Spanish IgAV cohort:
This cohort has been described in detail before7. Briefly, the cohort comprised of 288 cases and 1,596 controls. The participants were recruited in Spain and were of European ancestry. All participants provided informed consent to participate in genetic studies. Genomic DNA was extracted from whole blood using standard methods and genotyped using Infinium HumanCore BeadChip (Illumina, Inc). The standard QC were performed as described before, followed by imputation using the 1000 Genomes Europeans (Phase 3) population reference. The final dataset included 5,662,805 high-quality markers (imputation R2>0.8 and MAF>0.01). The PCA produced 6 significant PCs and visual inspection of PC plots confirmed comparable ancestry between cases and controls (Supplementary Figure 1d).
Genome-wide association studies (GWAS):
Within each cohort, primary association scans were performed using logistic regression under additive coding of dosage genotypes, and with adjustment for cohort-specific significant principal components of ancestry using PLINK v1.962. No substantial genomic inflation was observed in any individual cohort (lambda <1.05 consistently for each individual cohort). Subsequently, a fixed effects meta-analysis was performed to combine the results across all cohorts using METAL65. Genome-wide distribution of P-values was examined visually using quantile-quantile plots for the combined analysis and the genomic inflation factor was estimated at 1.02 for the overall meta-analysis (Supplementary Figure 2). To declare genome-wide significance, we used the generally accepted P-value threshold of 5.0×10−8, while signals with P<1.0×10−6 were considered as suggestive. For sensitivity analysis we also performed a trans-ethnic meta-analysis under a random effects model using TransMeta software66, but this analysis did not change our results or the number of significant loci. To detect independent signals at genome-wide significant loci, we also performed stepwise conditional analyses of each locus in each cohort using GCTA67, and the conditioned summary statistics were combined across cohorts using fixed effects meta-analysis65.

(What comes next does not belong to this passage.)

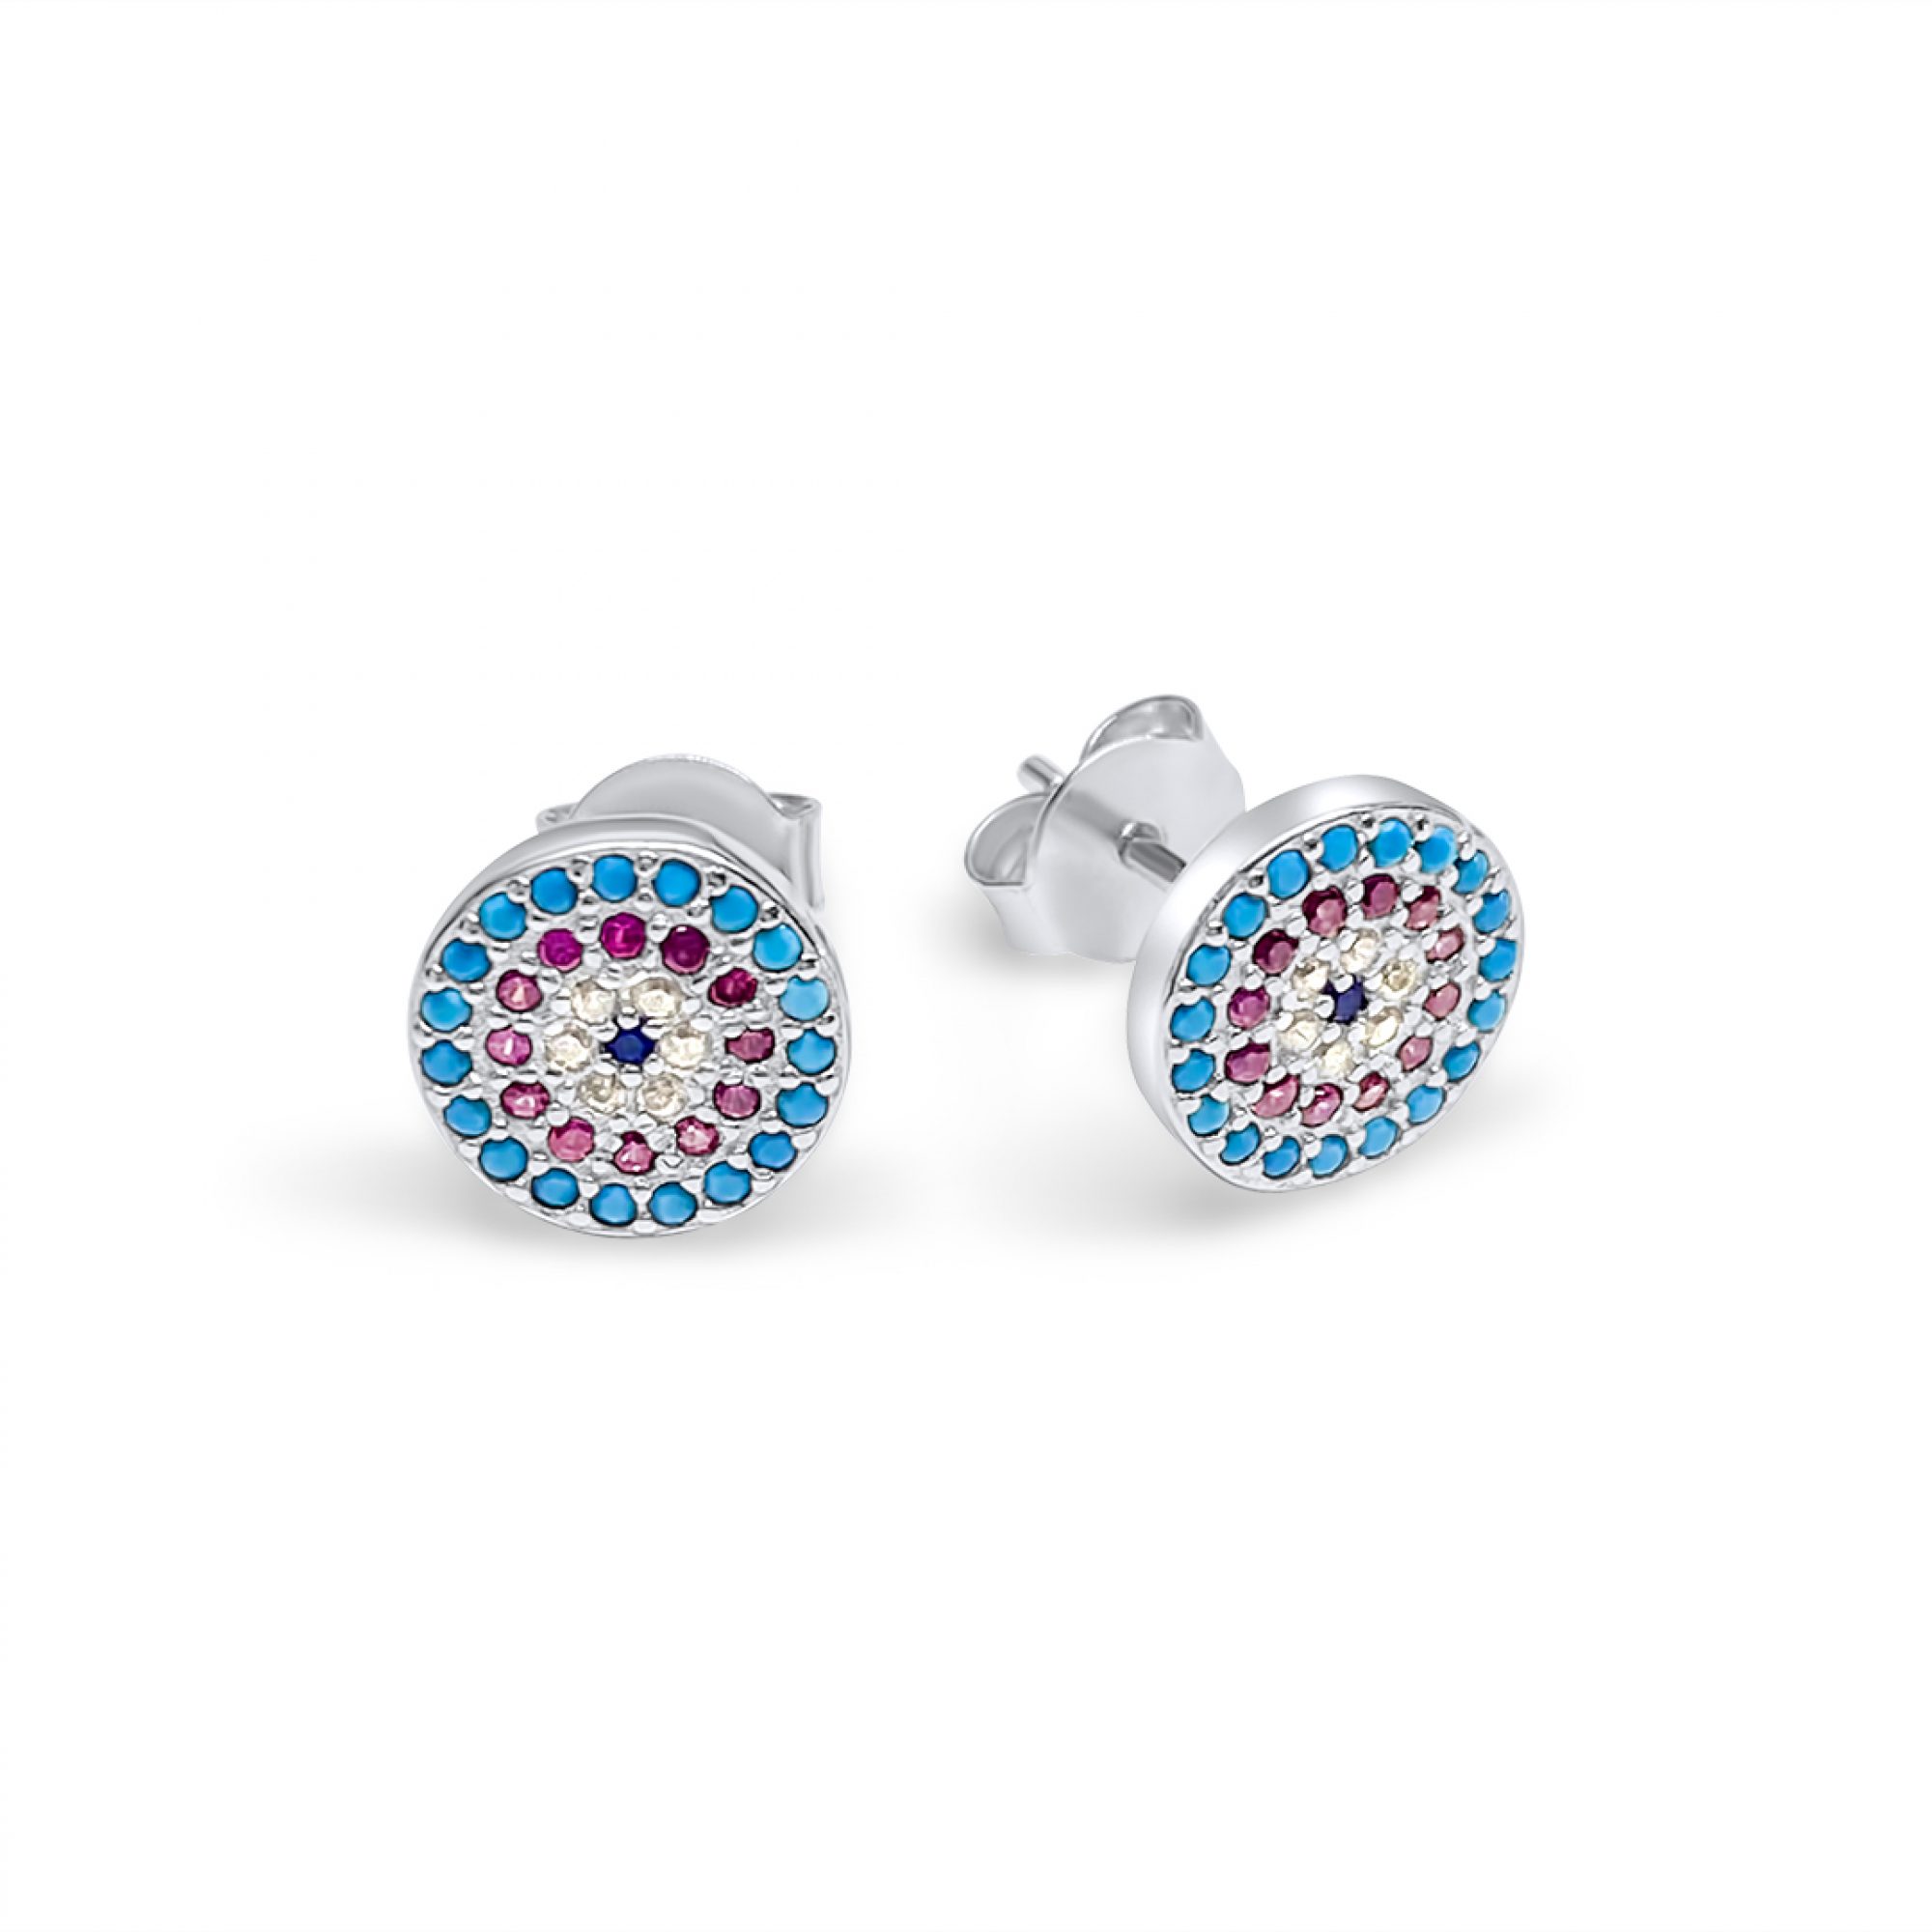 Eye stud earrings with zircon stones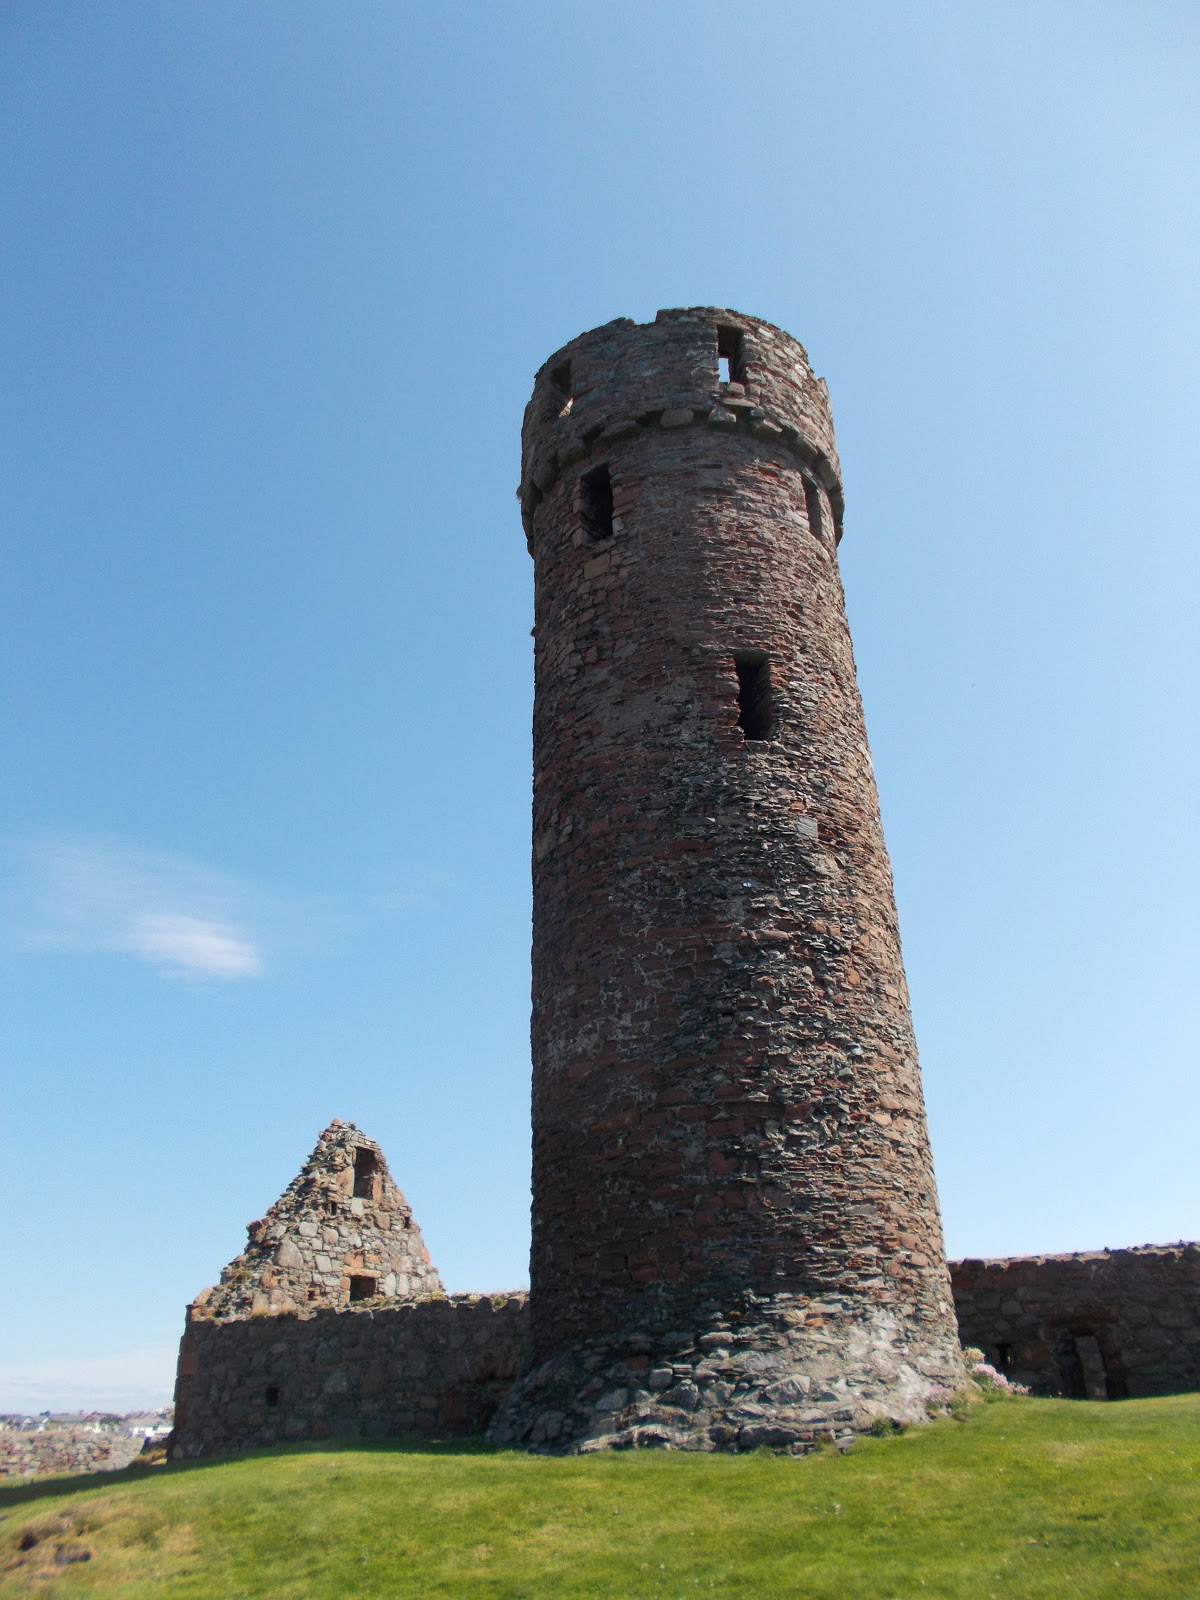 Round tower. Остров Мэн Форт сент-Эннз. Жаорцы с круглыми башнями. Замок с круглыми башнями. Круглая башня в вальхуйме.

Transcriptome-wide association studies (TWAS):
TWAS was performed following the FUSION workflow68 based on weights developed from the European ancestry subset of the GTEx v8 tissues that were considered relevant to IgAV (kidney cortex, liver, spleen, whole blood, small intestine-terminal ileum, and EBV-transformed lymphocyte cells). Prediction models were based on elastic net modelling68. Multiple testing was accounted for by a Bonferroni adjustment for 17,126 unique number of protein-coding transcripts modelled across tissues (P < 0.05/17,126 = 2.9 × 10−6).
Proteome-wide association study (PWAS):
For PWAS, we adapted the FUSION workflow68 using plasma protein weights from the European ancestry participants of the Atherosclerosis Risk in Communities Study (ARIC) study69. These weights were based on plasma proteomic quantifications using Somascan V.4.1. Prediction models were based on elastic net modelling68. Proteome-wide significance level was defined using a Bonferroni correction for the total number of circulating proteins tested (P < 0.05/884 = 5.7×10−5).
Functional annotations of significant loci:
We first defined each GWAS locus by +/− 400kb of the genome-wide significant index SNP. We annotated all transcripts within these intervals using hg19 to create sets of positional candidate genes for each locus. Using ANNOVAR software70, we annotated all variants within the region that were in LD (r2>0.5) with the top SNP, including all known coding, splice, and 3’UTR and 5’UTR variants. We then performed FUN-LDA analysis to estimate the posterior probability of these variants being functional across various cell types37. Lastly, the variants were intersected with the predicted enhancers and mapped to regulated genes using the Activity-by-Contact (ABC) model36. The myeloid-specific regulatory regions were confirmed by the analysis of monocyte ATAC-seq peaks before and after LPS treatment38. The top prioritized variants were screened against transcription factor binding motifs using JASPAR39. To additionally prioritize target genes, we performed locus co-localization analyses with whole blood gene expression and splicing QTLs quantified from bulk RNA-seq of 255 IgAV cases. After harmonization of effect alleles, we identified all co-localized QTLs mapping to the region of the index SNP ±400 kb using Coloc package in R71. For the IL6R locus supported by PWAS, we additionally performed co-localization with pQTL summary statistics from participants of the ARIC study69. Because the pQTL signal exhibited seven conditionally independent signals (defined by the COJO-Slct algorithm67), we computed conditional pQTL summary statistics by conditioning on all other independently significant SNPs using COJO-Cond67. Subsequently, colocalization analyses were conducted for all pairwise combinations of the GWAS and conditionally independent pQTL summary statistics using an adapted version of the Giambartolomei colocalization method as implemented in the ‘coloc.fast’ function with default parameters71. Any co-localization with PP4>0.8 was considered as strong evidence in support of a shared causal variant. Only one of the seven conditionally independent sIL6R cis-pQTL signals co-localized with the IL6R GWAS and eQTL loci.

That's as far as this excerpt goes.